A brief summary of Regulation S is that it provides safe harbors, and a possible exemption from SEC registration for sales of securities to Non US Persons. For the purposes of Reg S, a US Person would basically be a United States citizen, a US resident, or a corporation, LLC or Trust domiciled in one of the 50 US states.

The most important element of Regulation S is when securities are considered to have “come to rest abroad” so that their resale would not require registration under the Securities Act of 1933 (“Securities Act”).

Reg S Covers Offers and Sales That Occur Outside of the United States

Regulation S uses a “territorial approach” to Securities Act registration, which makes sense because this is a geographical issue.  The basic rules are that offers and sales subject to Section 5 of the Securities Act include any offers and sales occurring within the United States but that they do not include offers and sales that occur outside of the United States.
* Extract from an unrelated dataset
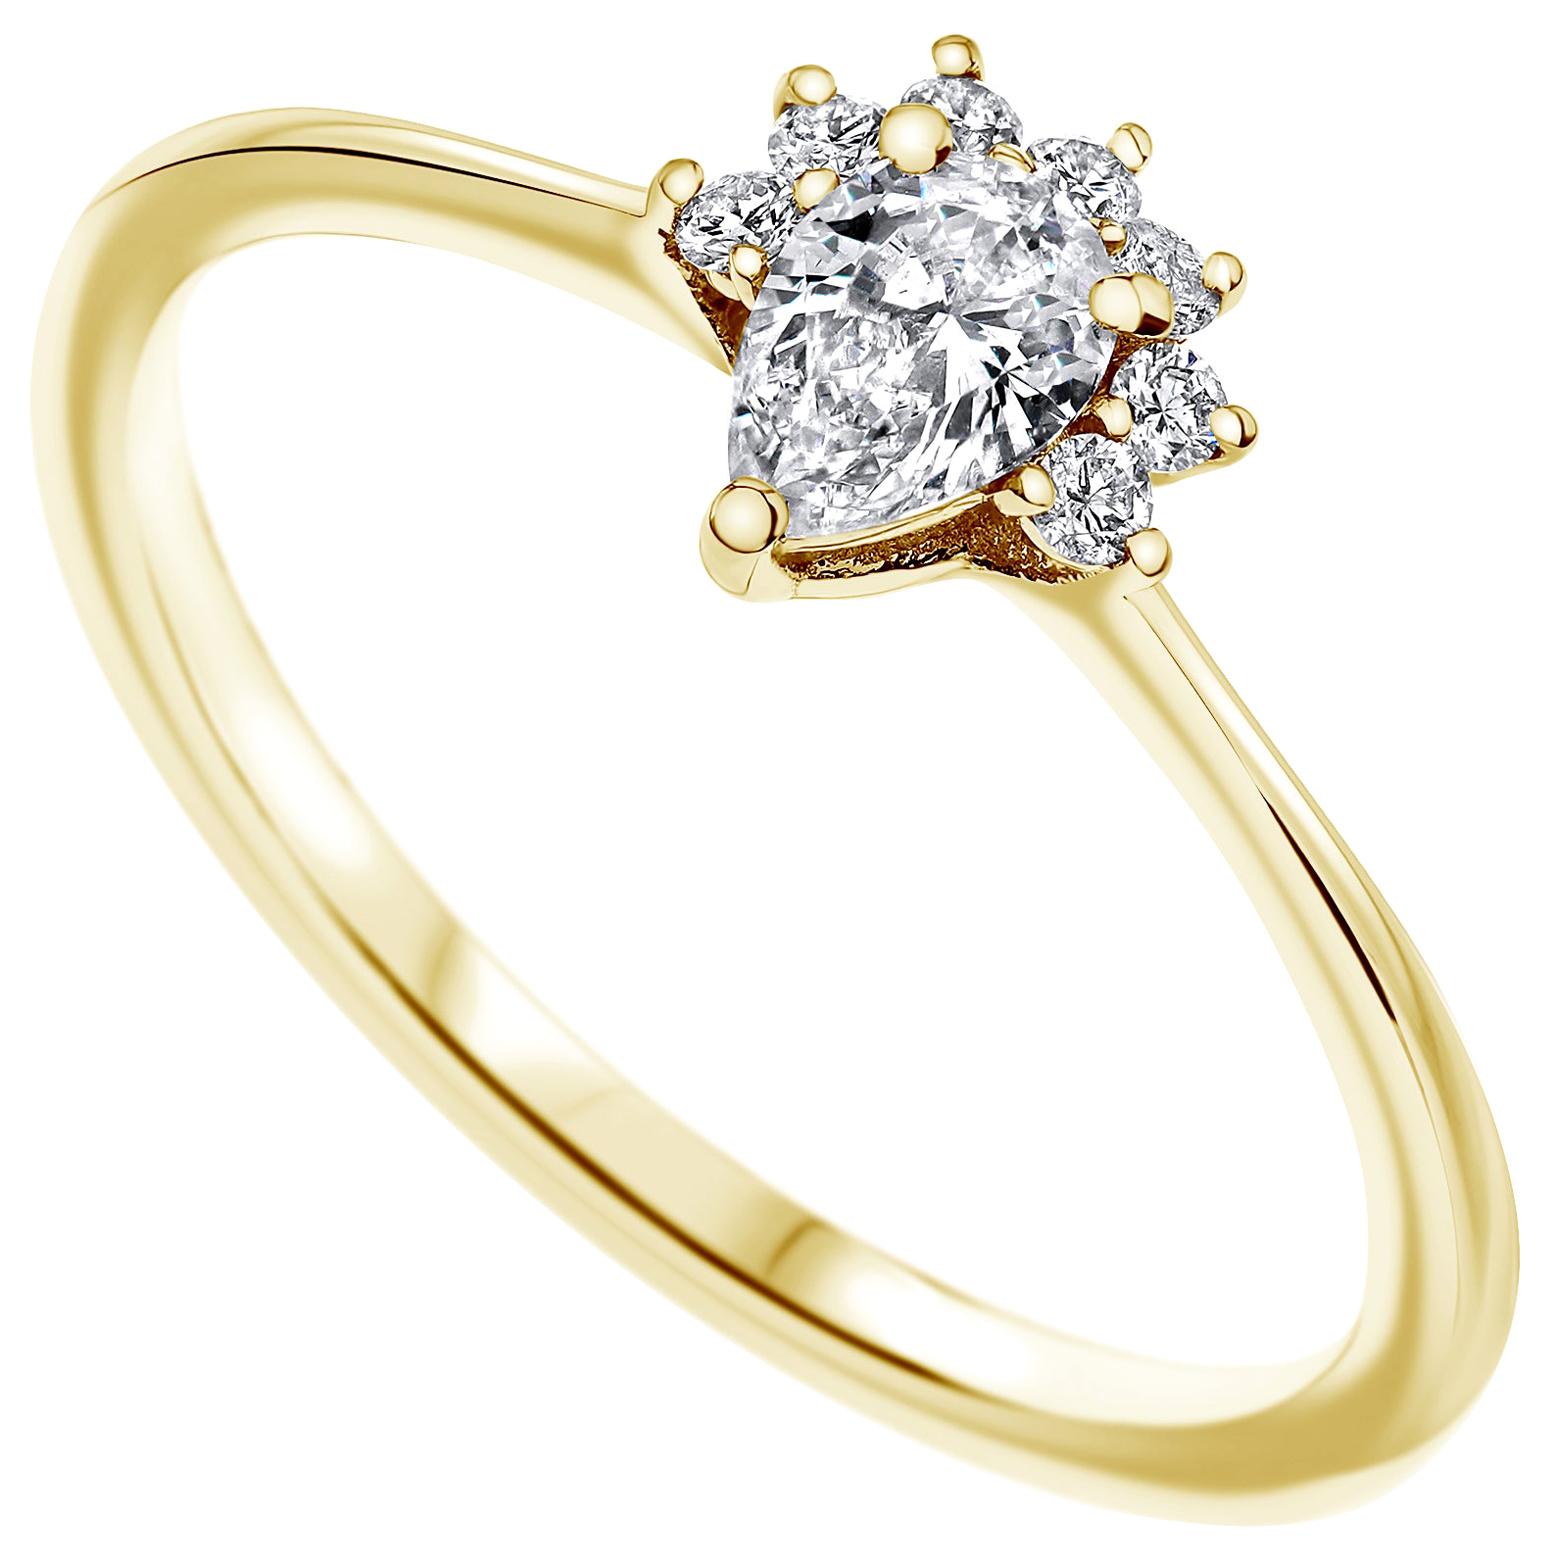 0.23 Carat Pear & Round Cut Diamonds Crown Ring 14k Yellow Gold - Shlomit Rogel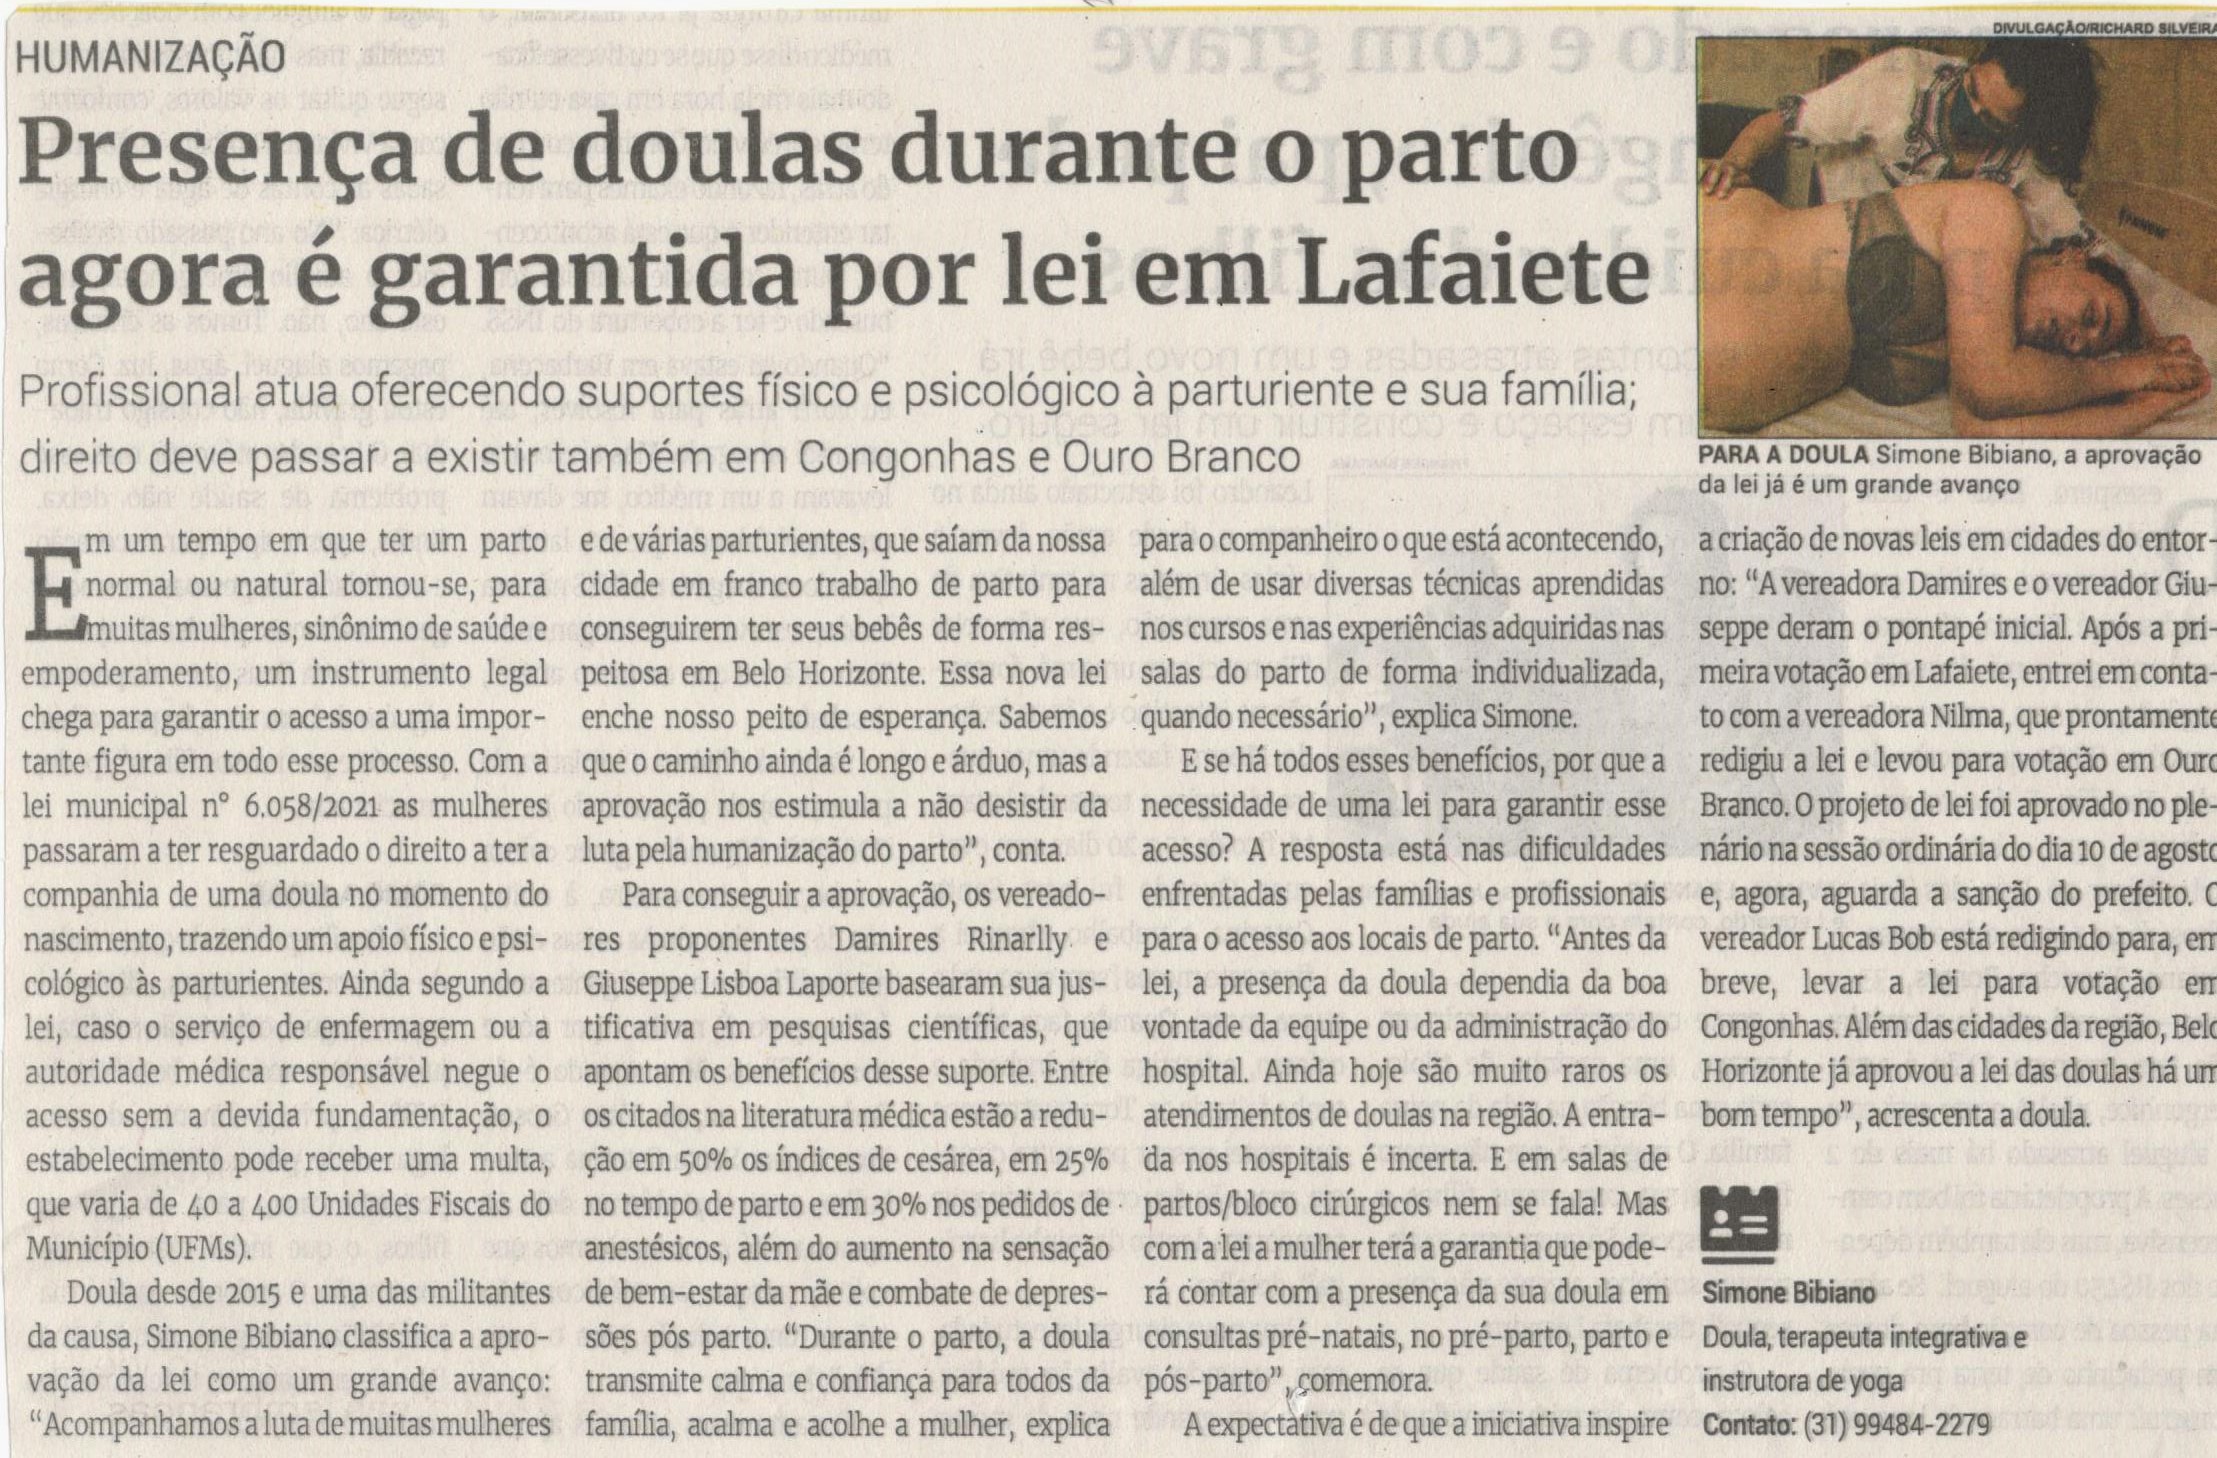 Presença de doulas durante o parto agora é garantida por lei em Lafaiete. Jornal Correio, Conselheiro Lafaiete, 04 Setembro 2021, 1592ª ed., Caderno saúde, p. 29.

Must Be an Offshore Transaction with No Directed Selling Efforts in the US

Regulation S also includes several safe harbor exemptions addressing specific types of transactions.  Each Regulation S safe harbor is subject to two general conditions:

  1. The offer or sale must occur in an “offshore transaction.” The Seller must reasonably believe that the Buyer is offshore at the time of the offer or sale.  Or the transaction must happen on certain “designated offshore securities markets.”  This includes Canadian markets.  The transaction cannot be “pre-arranged” with a Buyer in the US.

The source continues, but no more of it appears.